Dracula hasn't had servants in 400 years and then a man comes to his ancestral home, and he must convince him that he... that he is like the man. He has to feed him, when he himself hasn't eaten food in centuries. Can he even remember how to buy bread? How to select cheese and wine? And then he remembers the rest of it. How to prepare a meal, how to make a bed. He remembers his first glory, his armies, his retainers, and what he is reduced to. The loneliest part of the book comes... when the man accidentally sees Dracula setting his table.
It's funny how one never really thinks of a vampire as being an individual severed from society. Sure we might in the larger scheme of things--but how often are we feeling sympathetic towards the monster that drinks people's blood for nourishment? Do we sit there and exclaim how awful it must be to truly be alone in this world--a dead person who roams the land and kills people in order to stay alive? No! We exclaim about their terrifying appearances and we get excited when they hunt and bite their victims. We aren't shaking our heads and saying-- gee remember when that vampire had friends, and now he has to alienate himself from the world and sleep during the day time and blah blah blah. He must be depressed!
In my opinion, Martin isn't a vampire--not really. Even our friend George claims that Martin isn't necessarily right in the head. He, either due to the notions of his family or his own self awareness has made it up in his mind that he HAS to be a vampire and that makes all the difference. But then again, Martin IS a vampire if you think about what I've said above. He severs himself from society. He cuts himself off from the living in a way that is so subtle and so depressing at the same time, that it causes me to make a pouty face when witnessing his interactions with women. I feel for him because he is so sincere when he holds the women down and pleads with them to go to sleep. Poor, poor Marty. A clear cut case of social anxiety and depression mixed with an addiction for blood. His plight can even be likened to Abbie Santini- a woman who also severs herself from society as she wallows in her own depression. Of course it is the little problem dealing with the need for blood that sets them apart--and is perhaps why they end up the way they do.
Well anyways. Now that that sermon is done I would just like to say that Martin is an incredible flick. Even though how Martin gets his blood is maybe not as brutal as the typical vampire--I think it's actually more disturbing, BECAUSE it's so real. You dig? It feels so personal and almost shameful to watch, and the fact that the camera doesn't budge is what makes it truly difficult to withstand.

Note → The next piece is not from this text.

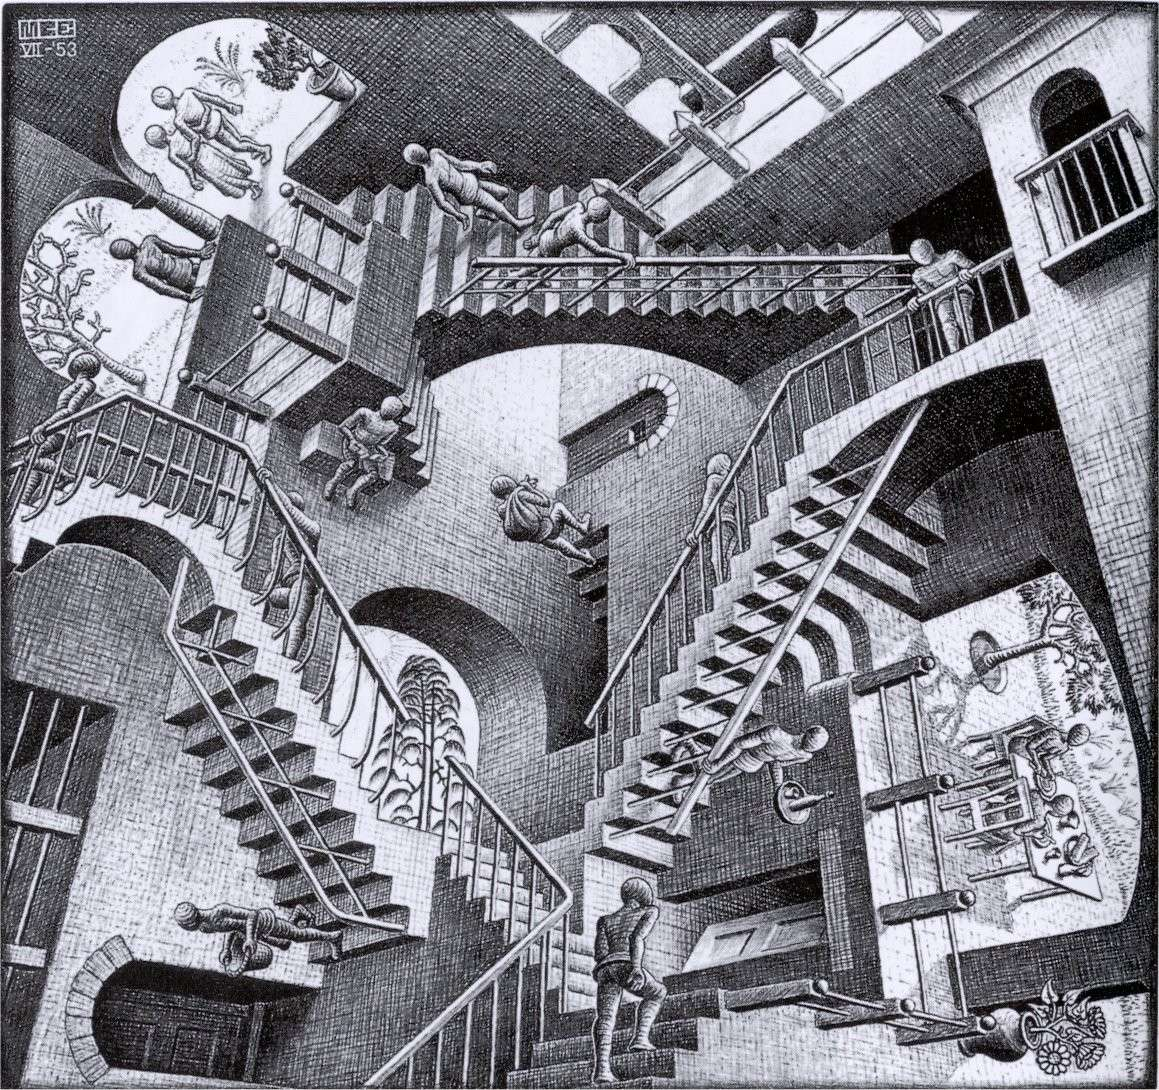 Relatività, 1953

The brutality is in your face and honest. It isn't glamorous, it isn't hot, it isn't even entertaining really when you think about it. That may actually be my favorite thing about this film--its surprising and subtle brutality. Unconventional and perhaps more off putting than a typical vampire tale. Martin is truly- one of a kind.
Andre, my friend.
You have brought tears to my eyes with this post.
I knew you would get it.
I think Martin probably captures the "lonely outsider" aspect of vampires about as good as any film. It almost doesn't matter if he is a vampire or not, which is something I'd never thought about until now.

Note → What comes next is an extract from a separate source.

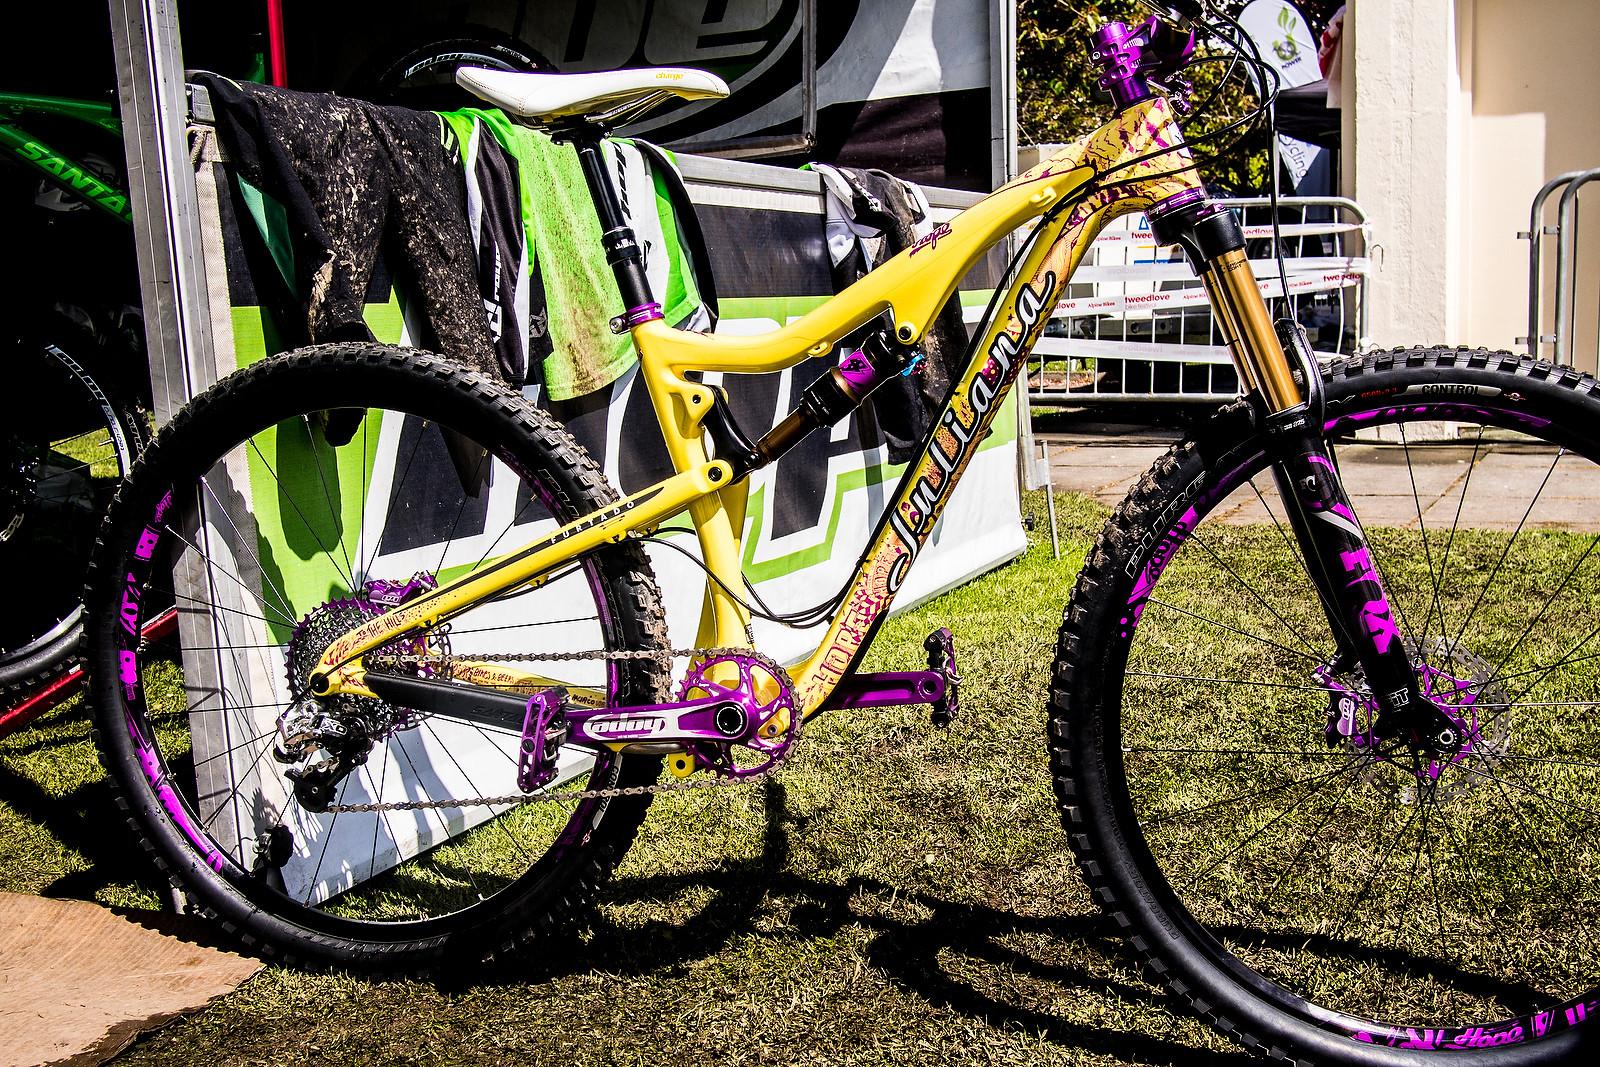 Rachel Walker's Hope'd-out Juliana - PIT BITS - Enduro World Series Tweedlove - Mountain Biking Pictures - Vital MTB

Blood for Dracula also kind of hits on it a bit...but the movie overall is so nuts that it's hard to consider that the focal point.
That was a weird movie. I enjoyed it.
I love this film, I think it is Uncle George's masterpiece!
I wrote a long winded review on it some time ago, and basically saw the elements you saw as well as some strong points about the death of the so called American Dream, feminism, and the generation gap (boy that's a term you don't hear these days).